Prologue
Gianna
I really fucking hate the holidays. Call me a Scrooge. I really don't care. Being forced to spend time with your judgemental older sister, who acts more like a third parent than a sibling is cruel and unethical torture.
Don't get me wrong, I loved having a sister that's fifteen years older than me when I was a kid. By the time I was taking my first steps, Shauna already had a car and her driver's license. She would take me everywhere with her, and I enjoyed every second of it.
Now that I'm twenty-two, all Shauna does is tell me how badly I'm screwing up my life. It's as though the instant she got married, had children, and turned thirty-seven, she forgot what she was like at my age. I, on the other hand, still remember her stumbling into our childhood home at three in the morning, drunk off her ass, when I was just a kid.
I never used to mind her middle of the night wake up calls. She would come up to my bedroom to wake me up, and I always knew what that meant. We'd make pizzas in the early hours of the morning and laugh until Mom or Dad would come downstairs, scold her, and send me back to bed. It was the highlight of my younger years.
Now, she's walking away from me after yanking me away from the ridiculously attractive hockey player from Maxton's team. We'd barely struck up a flirty conversation before Shauna dragged me into the corner of the room to warn me off of the older man.
Crossing the room, I take another glass of the bubbling liquor and down it in one go. This champagne tastes like bad decisions and another stern talking to from my sister; a lethal combination.
I'm three glasses deep when I spot him again from across the Georges' living room — all broad shoulders and silver peppering his full dark facial hair — looking like this is the last place he wants to be. His eyes sweep over the crowd with a mixture of judgement and quiet amusement.
No matter how hard I have tried over the last two hours, I can’t seem to keep my eyes off him for long. Something about him calls to me. We only spoke for a few moments before, but I’m hooked.
I don't care what my sister thinks. I'm going back over there to talk to the only interesting person at this party.
“You look like you're plotting an escape,” I whisper, stepping up beside him with a fresh champagne flute in my hand.
He turns to me, eyes dark and intense in a way that perfectly embodies every man Shauna has attempted to steer me clear of for years. When they glide down my body, I feel his gaze like a physical caress against my too warm skin.
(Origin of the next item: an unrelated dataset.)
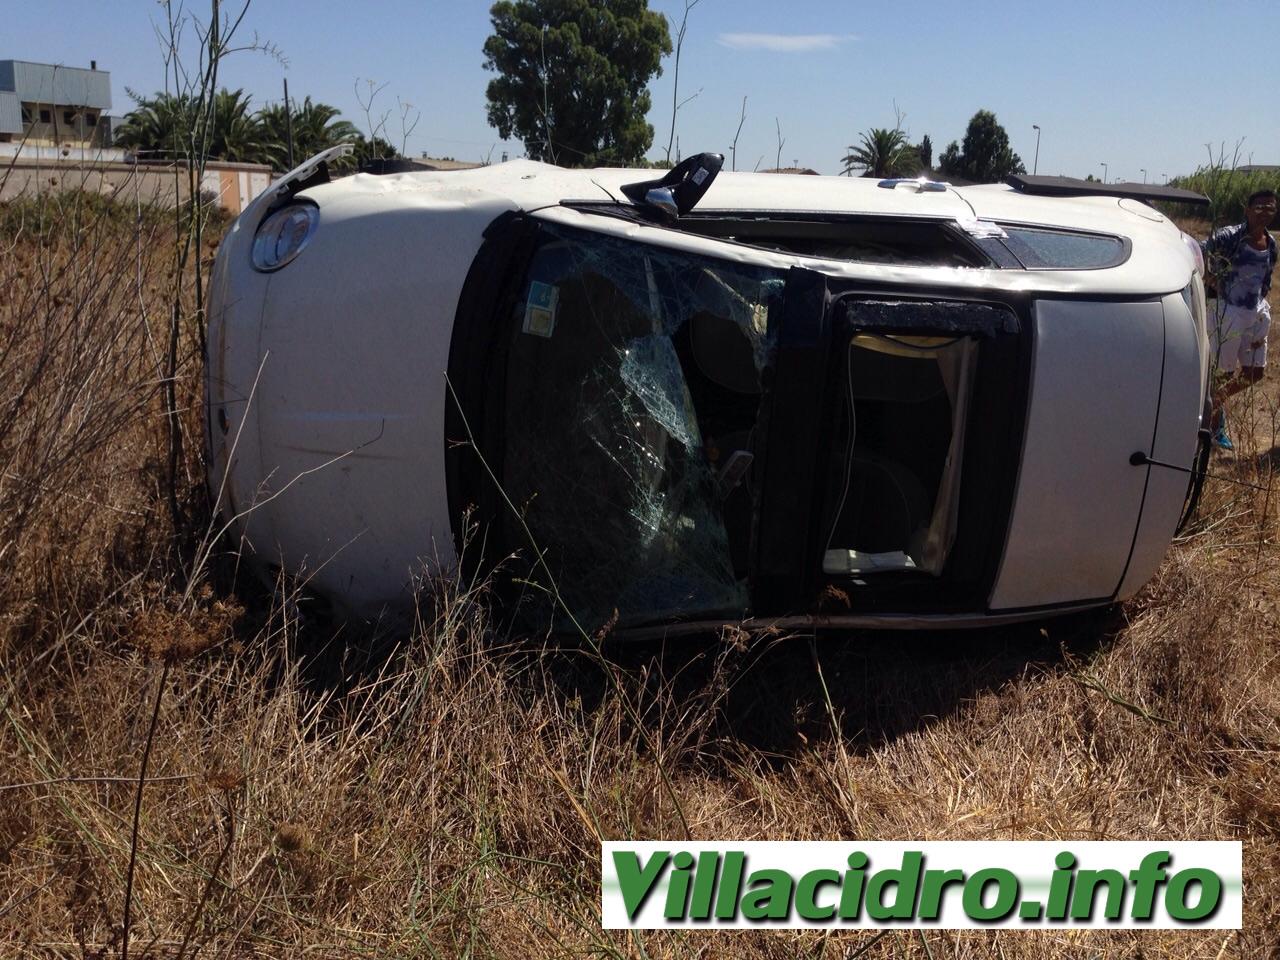 Incidente nell'incrocio tra San Gavino e Villacidro

“Am I that obvious?” His voice is low and rough when he responds to me.
“You've been standing in the same spot since my sister interrupted us. You haven't smiled once, not even at me. You're holding that drink like it personally offended you.” I tilt my head to the side, smiling up at him. “So yeah, it’s incredibly obvious. What's your name, mysterious stranger?”
A slow smile spreads across his face. It's dangerous, like he knows exactly what a single smirk from him does to my heart. “Daemon,” he says, extending his hand.
“Gianna.” I take his offered hand. His palm dwarfs mine when he wraps his fingers around mine. His grip is firm, and everything about this simple greeting makes me feel small in comparison to him. Normally, I hate that, but with Daemon, it’s making me feel something else. Something I haven’t figured out yet.
“Are you one of the Georges’ kids?” he asks.
I shake my head and smile at the way he didn’t immediately exclude me from the possibility of being related because of my darker skin tone. “My sister is married to Maxton's older brother. What about you?”
“I’m a friend of the family. I play hockey with Maxton.” He says thehockeypart like an afterthought. He also doesn’t seem to be offended that I didn’t recognize him as the famous player he probably is.
I'm not really a sports person, but I did assume he was on the hockey team with Maxton. You don’t see many gigantic, handsome men wandering the streets of Brookside.
Even after Max got drafted when I was just a kid, I never got into the game. However, Daemon could convince me to change my mind.
“Hockey,” I repeat, scrunching my nose as I take in his towering frame. “So you're really strong and probably have excellent hand-eye coordination.”
He chuckles quietly at my obvious dig at him. “That's one way to look at it.”
“What's another way?”
“A liability. A loose canon. A washed up old man in a sport filled to the brim with young kids.” His tone comes off as a warning, but he's moving closer to me. “How old are you?”
“Twenty-two,” I huff, rolling my eyes at him. “Before you ask, yes, I’m mature for my age. Yes, I know what I’m doing. And yes, what I’d like to be doing is you.”
“Do you actually know what you’re doing?” His eyes light up with amusement. “You seem to be a bit impulsive, like someone who doesn’t think things through before they act.”
“I'm thinking right now.” I smile, trying to hide the hit of the insult he just threw my way. “I'm thinking that there was nothing coincidental about our meeting.”